I think MARCHA1 can be considered a related problem… I easily solved LEALCO thanks to that problem

1 Like

When i ran my backtracking algo code http://www.codechef.com/viewsolution/1728088 (on my device and not on codechef)for the test file input.txt , it took more than 2 sec(for 10 test cases). Although , after seeing the solution , i realized that my solution was correct and was AC in practice section. But still I don’t get it , how could it take more than 2 sec on my device and still an AC.

Could you please check that the attached test file does not give TLE for the AC solutions

You should define int cnt[19] instead of int cnt[18].

the backtracking solution is gr8!

2 Likes

Thanks for pointing it out.
Actually I’ve wanted to add this but forget at some point :slight_smile:
But note that backtracking solution has complexity O(2^N * K) which is slightly better.

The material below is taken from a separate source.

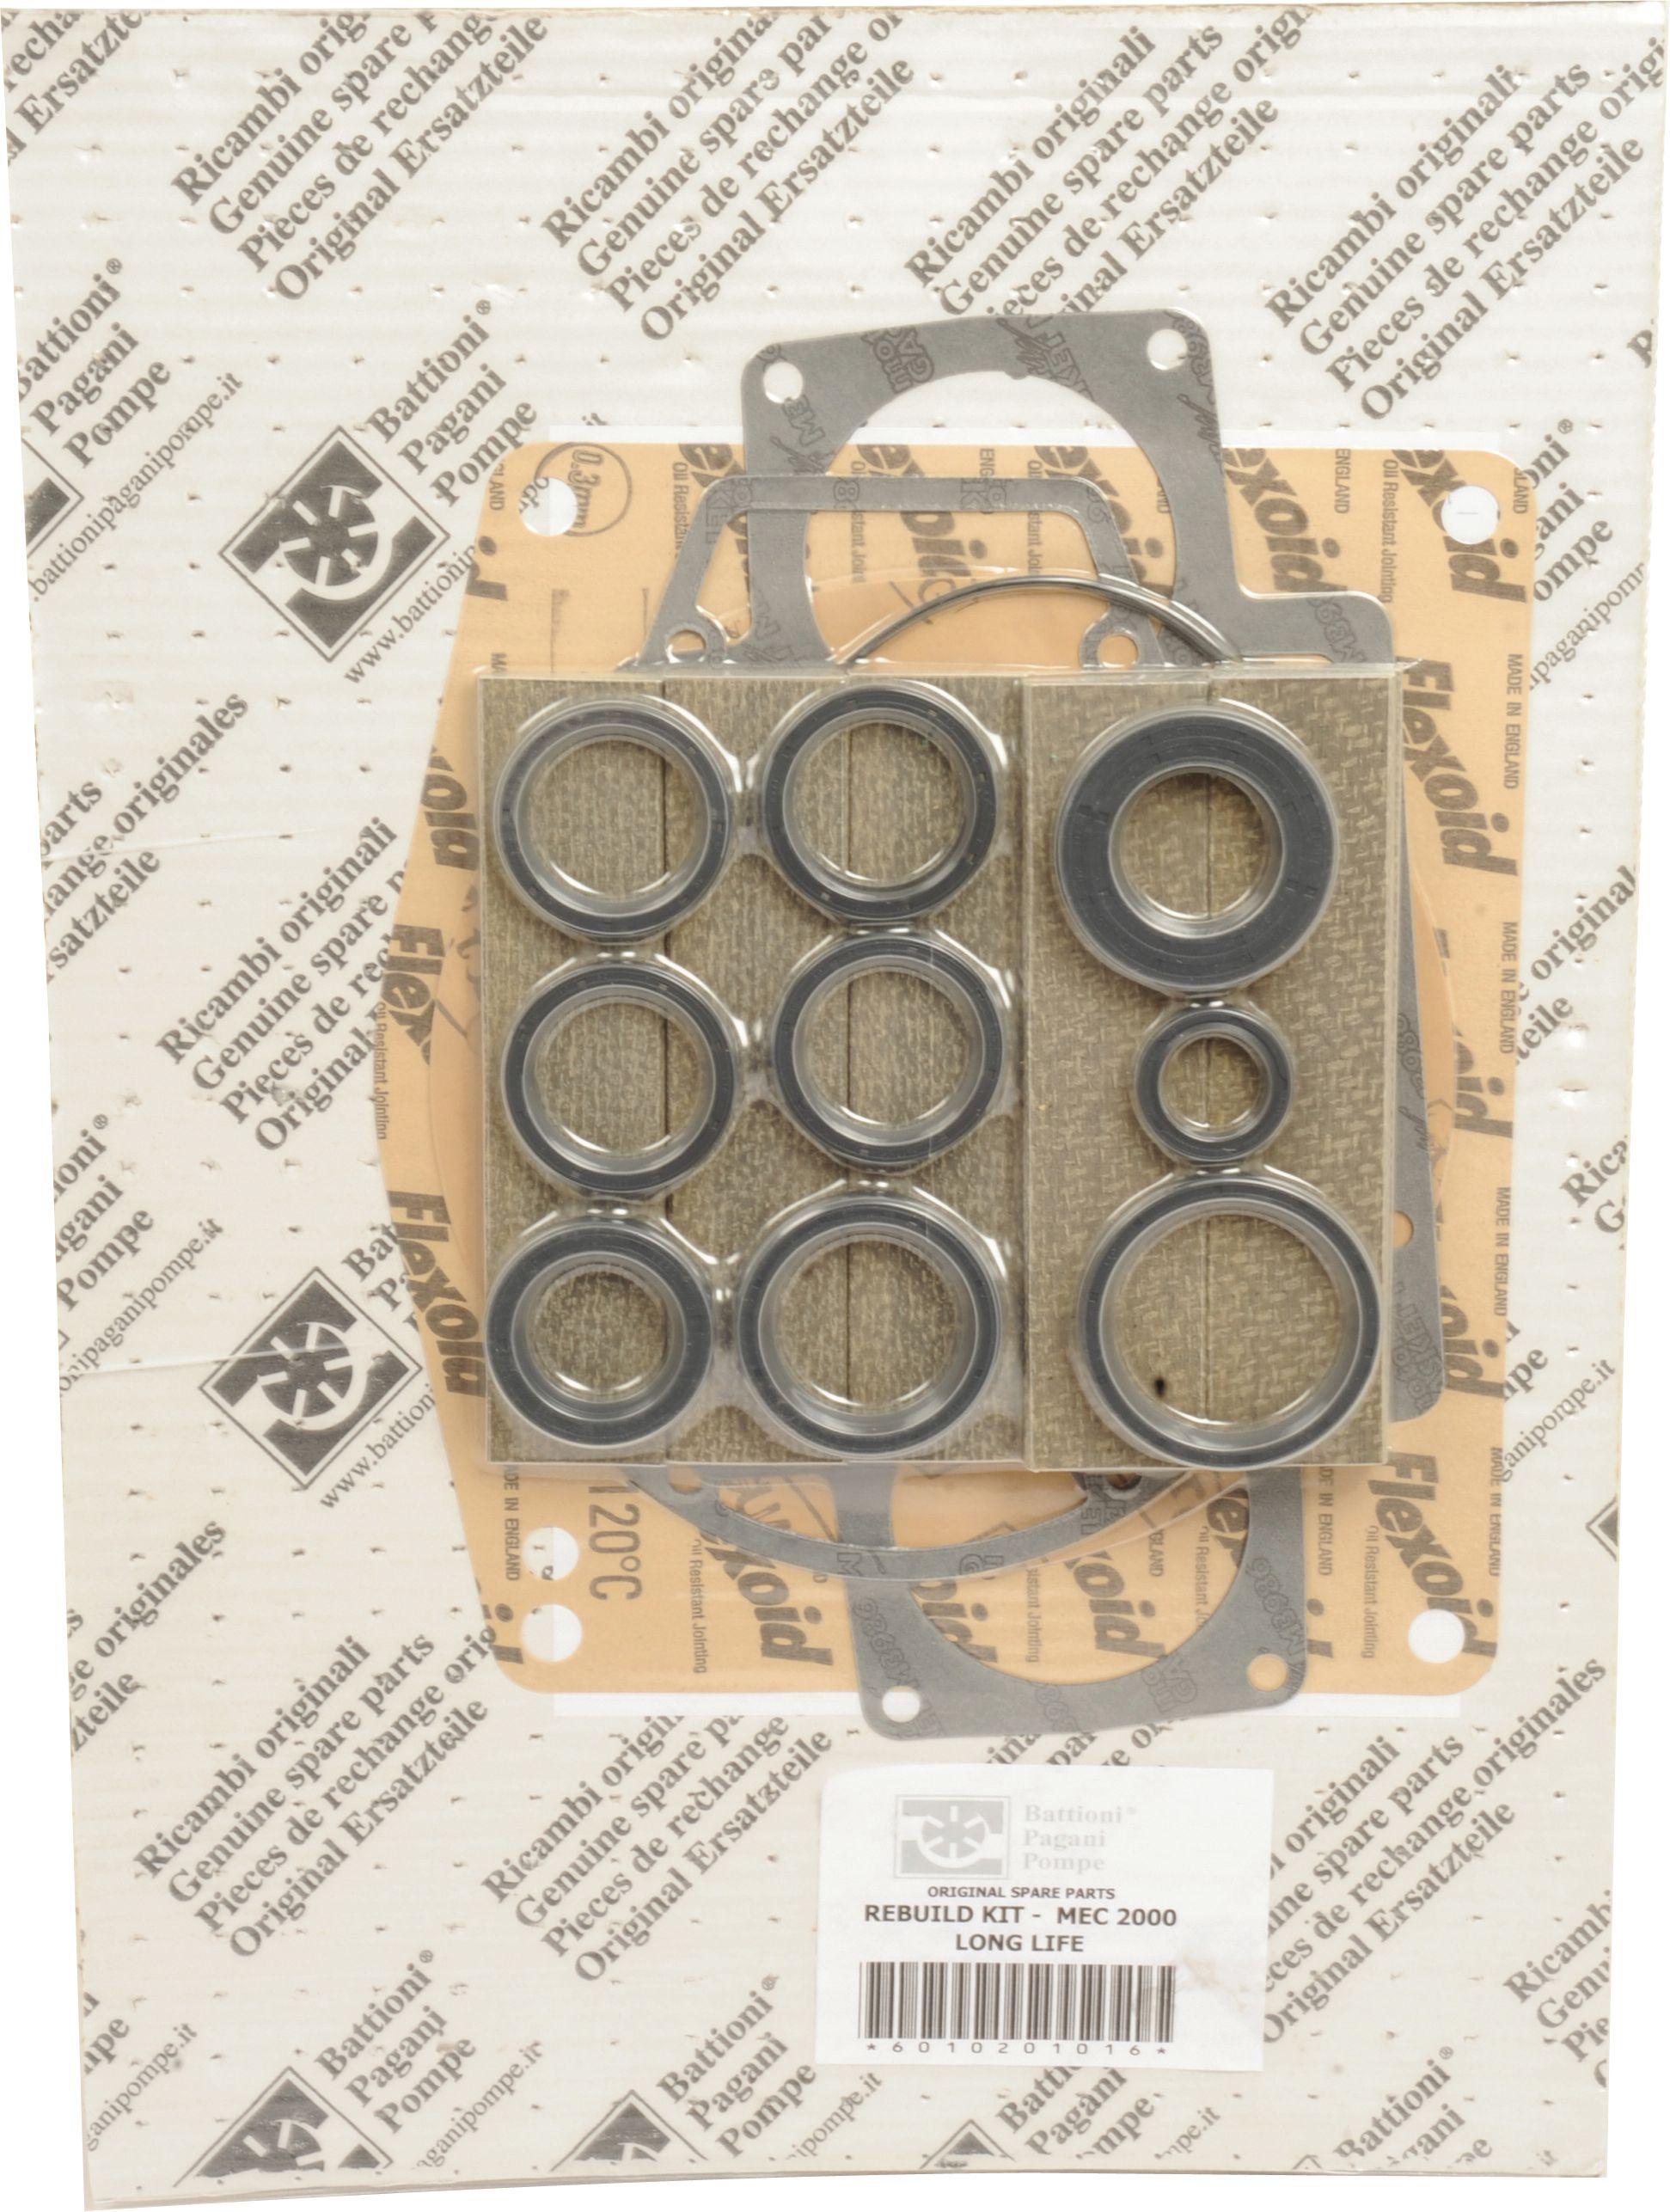 BATTIONI PAGANI POMP REBUILD KIT-MEC 2000 L/L 101957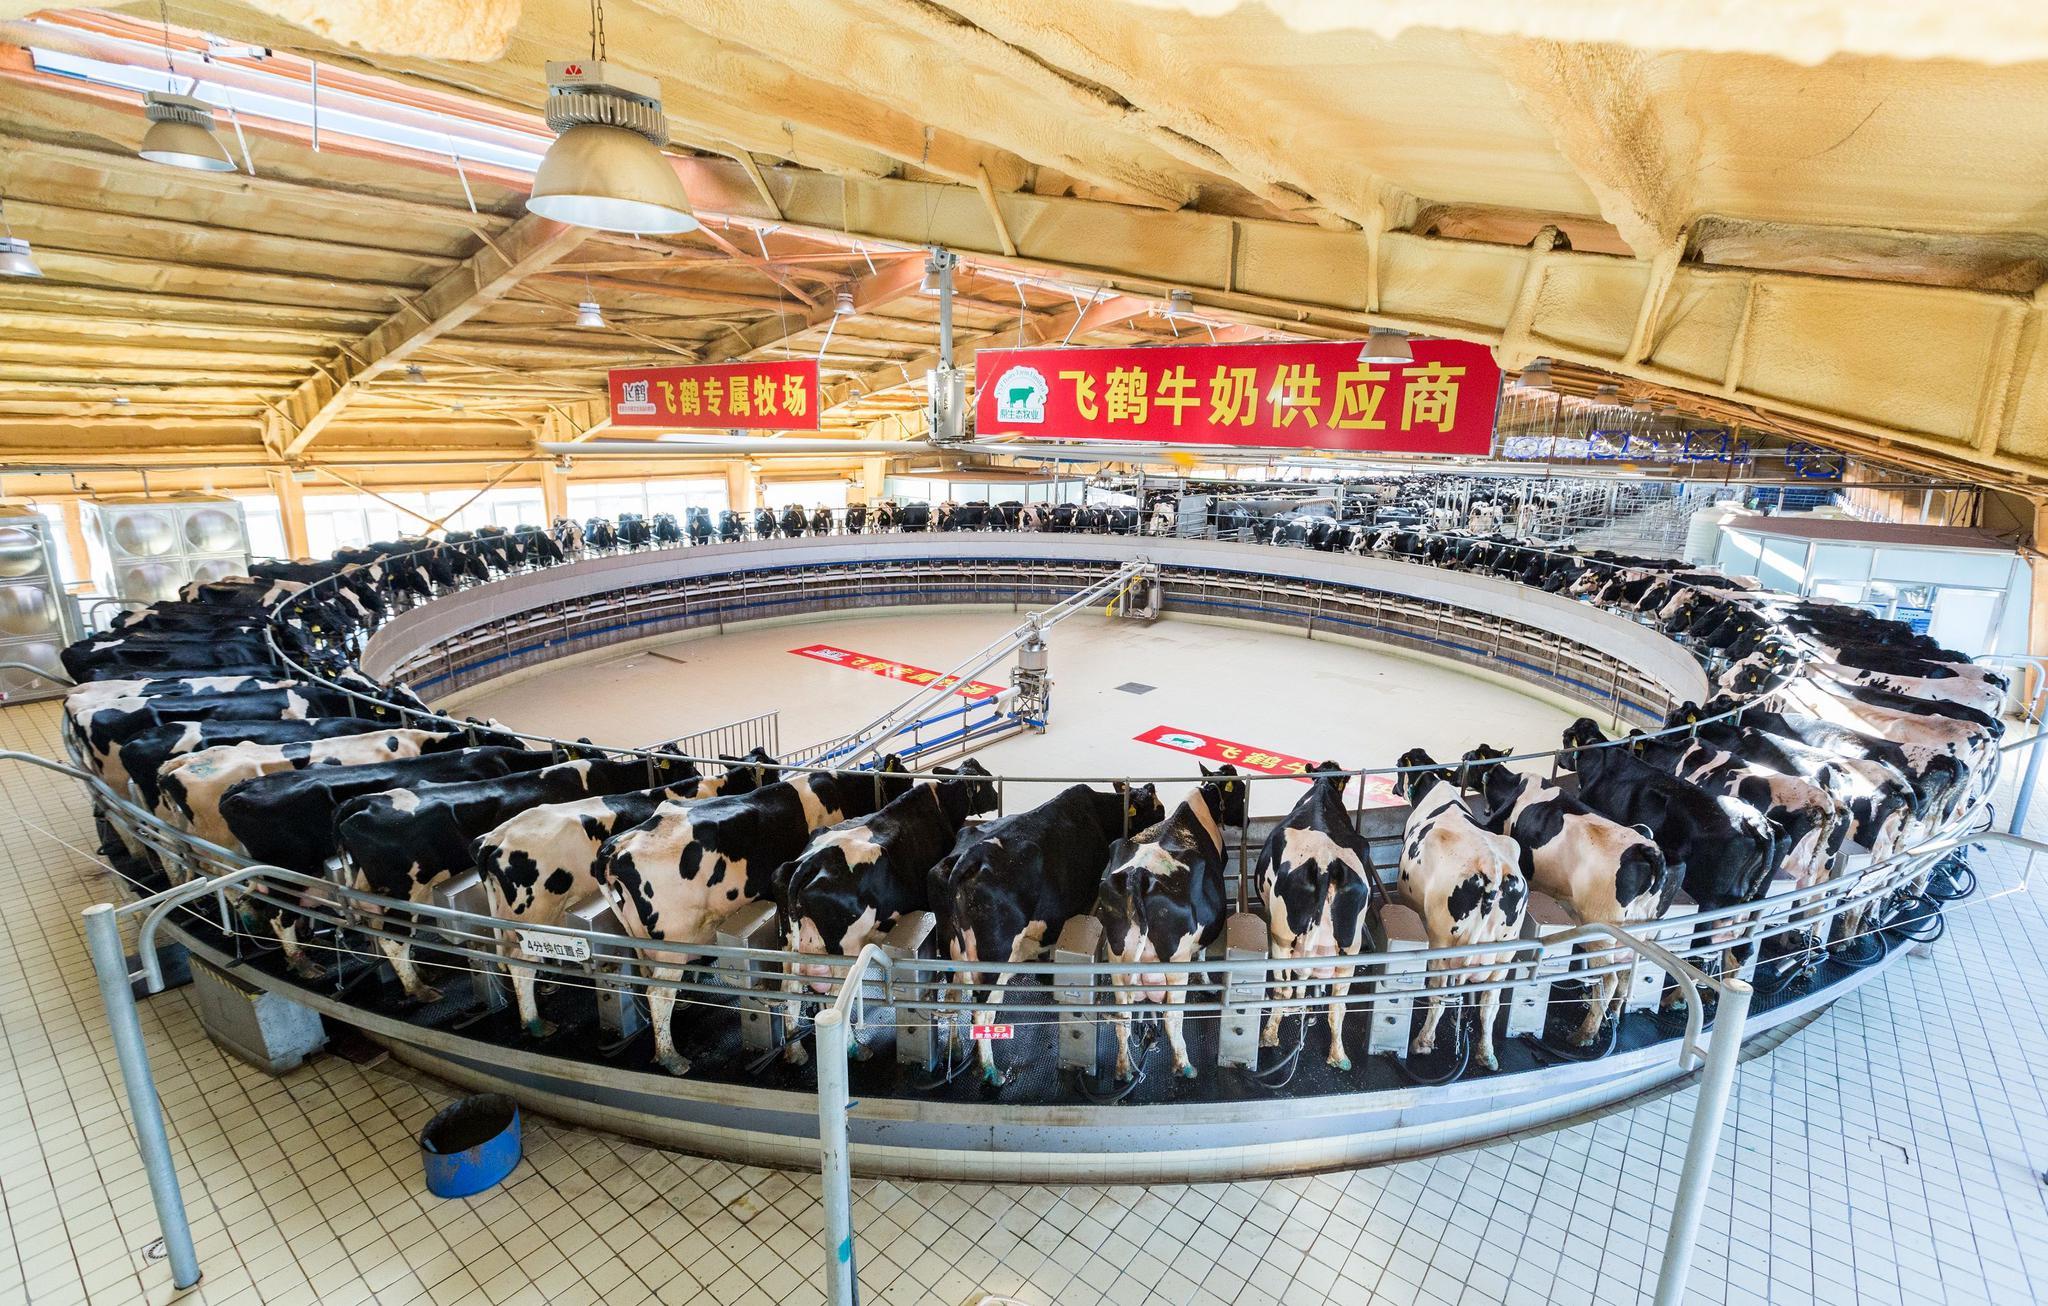 飞鹤拟入主原生态牧业,加码上游奶源布局

thanx… that was such a silly mistake…

I have mailed a query related to this question at feedback@codechef.com from id vagrawal13@gmail.com.Please answer it.

Nice. So, let’s say we generate the 2^N masks by recursive backtracking. After every decision we make for a bit i (i.e. set it to 0 or 1) we compute the number of max. values in the interval [i-K+1,i] in O(K) time (assuming 0-based indexing and i>=K-1). We also maintain a counter with the number of 1 bits in the current mask. The total number of “decisions” (setting a bit to 0 or 1) and counter updates (+/- 1) during the backtracking is at most 2^1+2^2+…+2^N=2^(N+1)-2=O(2^N). Since we spend O(K) time per decision we get the O(2^N * K) complexity. Pretty easy.

1 Like

My understanding of (2^N * K) complexity coincide with your explanation word-by-word. You explained all very clearly.

@vagrawal13
I have no access to this mailbox.
I have contacted admins.
Do you still need a reply?
You can actually post it here as an answer.

Thanks. I have added it.

Why do you use sorting?
It slows down your solution a lot.
Your way is equivalent to using bitmasks.
But cou() function is too slow.

You mean if I remove sorting and make it (cou func O(N^2) ) it will pass?

Probably.
But still your implementation is slow.
We don’t need this double vector.
I have feeling that because of this you still could have TLE.

Consider isBad() function in tester’s solution. It is clear and commented.